TASK STATEMENT – An exact copy of the data below is needed; please leave out any pictures.

PROVIDED MATERIAL –
- - - -
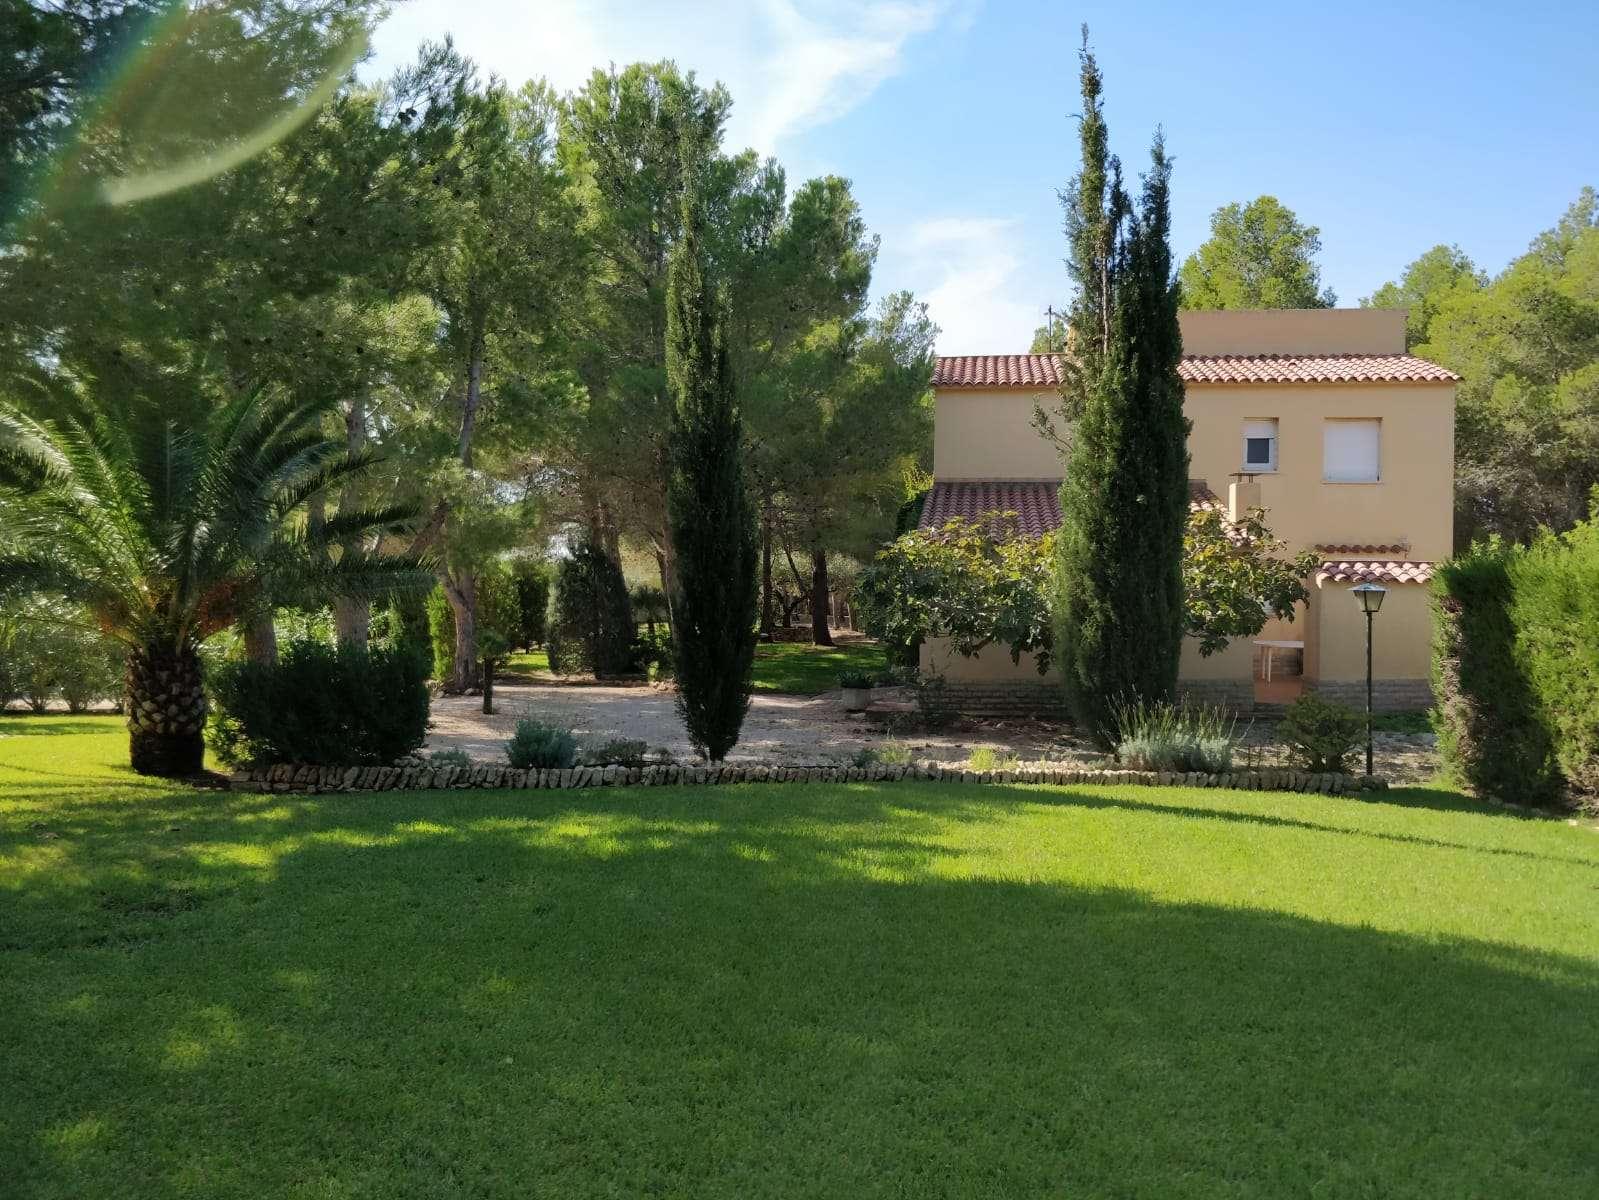 Casa en Ametlla de Mar (Tarragona)
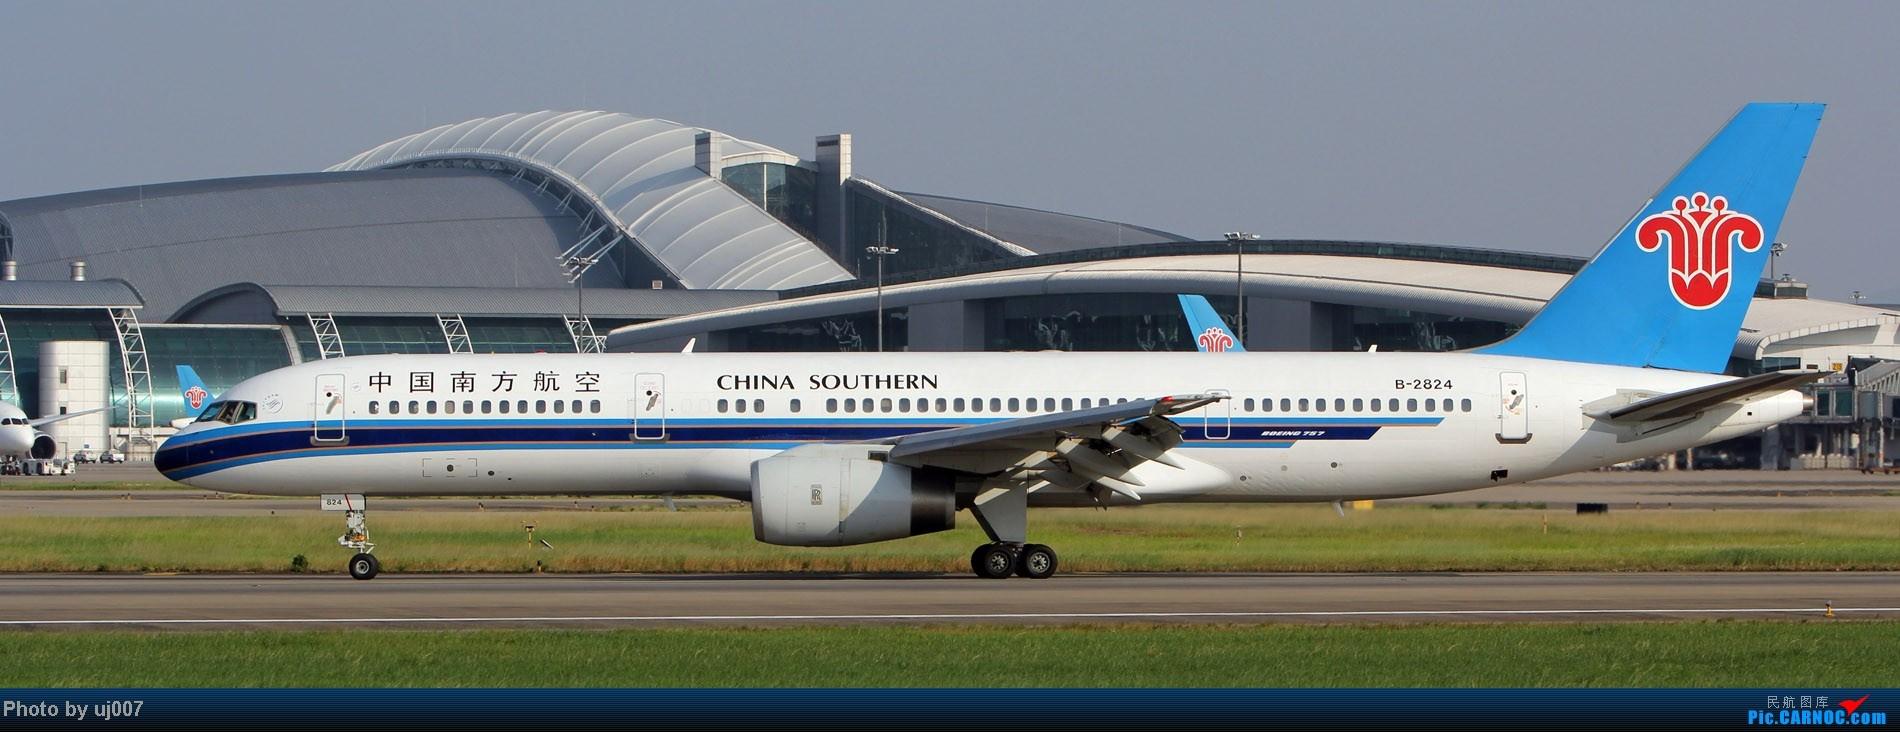 Re:[原创]10月2日白云拍机,超级多图系列(大飞机,特别妆,外航,闪灯,擦烟)求指点. BOEING 757-200 B-2824 中国广州白云机场
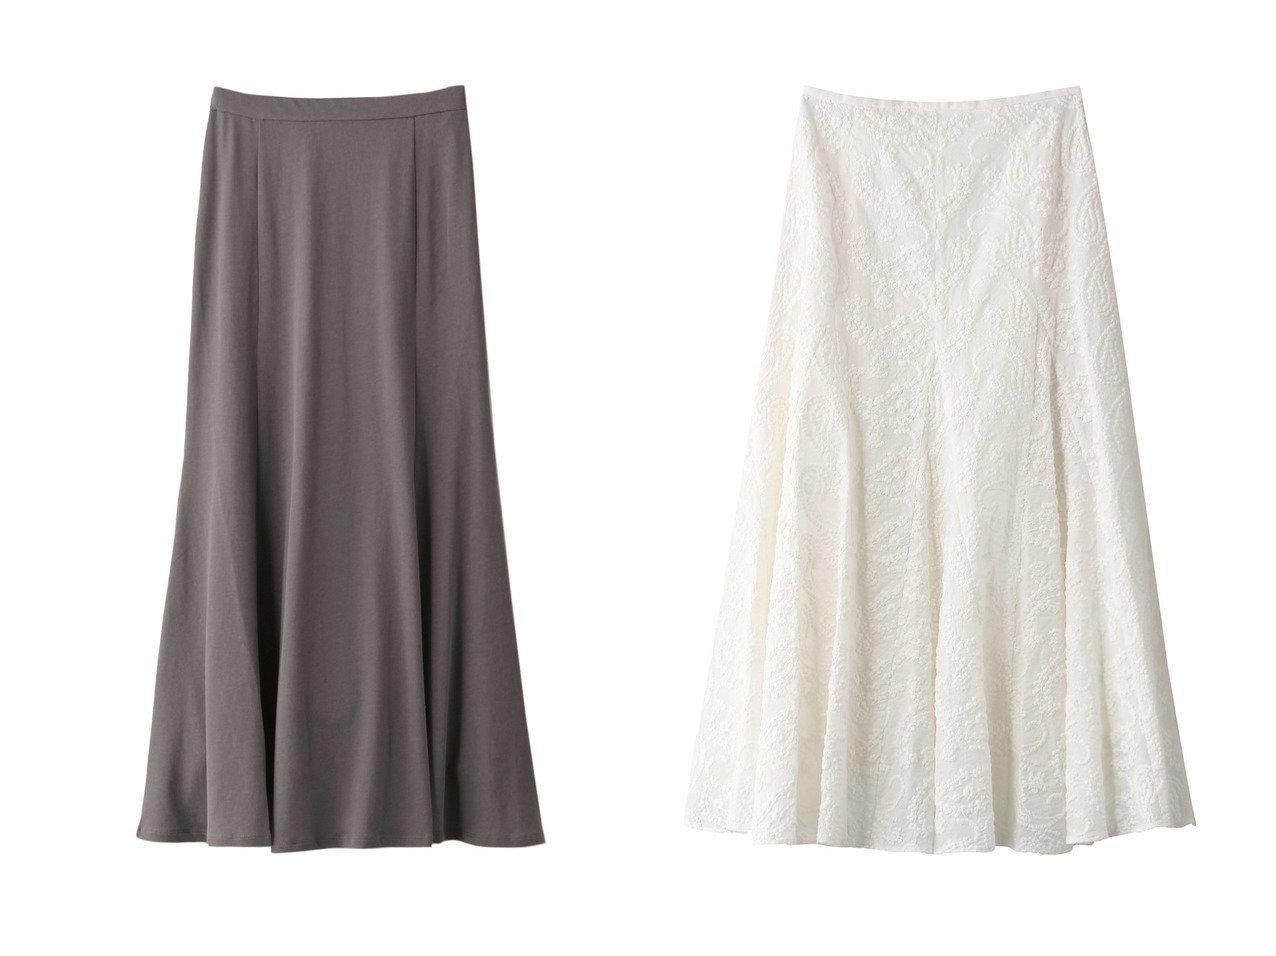 【JET/ジェット】の【JET LOSANGELES】コットンフレアスカート&【ANAYI/アナイ】のペイズリーエンブロイダリースカート 【スカート】おすすめ!人気、トレンド・レディースファッションの通販 おすすめで人気の流行・トレンド、ファッションの通販商品 インテリア・家具・メンズファッション・キッズファッション・レディースファッション・服の通販 founy(ファニー) https://founy.com/ ファッション Fashion レディースファッション WOMEN スカート Skirt Aライン/フレアスカート Flared A-Line Skirts S/S・春夏 SS・Spring/Summer パーティ ペイズリー ロング 夏 Summer 春 Spring ガーリー スリム フレア ベーシック  ID:crp329100000048105
- - - -
EXERCISE SOLUTION –
 Casa en Ametlla de Mar (Tarragona)
 Re:[原创]10月2日白云拍机,超级多图系列(大飞机,特别妆,外航,闪灯,擦烟)求指点. BOEING 757-200 B-2824 中国广州白云机场
 【JET/ジェット】の【JET LOSANGELES】コットンフレアスカート&【ANAYI/アナイ】のペイズリーエンブロイダリースカート 【スカート】おすすめ!人気、トレンド・レディースファッションの通販 おすすめで人気の流行・トレンド、ファッションの通販商品 インテリア・家具・メンズファッション・キッズファッション・レディースファッション・服の通販 founy(ファニー) https://founy.com/ ファッション Fashion レディースファッション WOMEN スカート Skirt Aライン/フレアスカート Flared A-Line Skirts S/S・春夏 SS・Spring/Summer パーティ ペイズリー ロング 夏 Summer 春 Spring ガーリー スリム フレア ベーシック  ID:crp329100000048105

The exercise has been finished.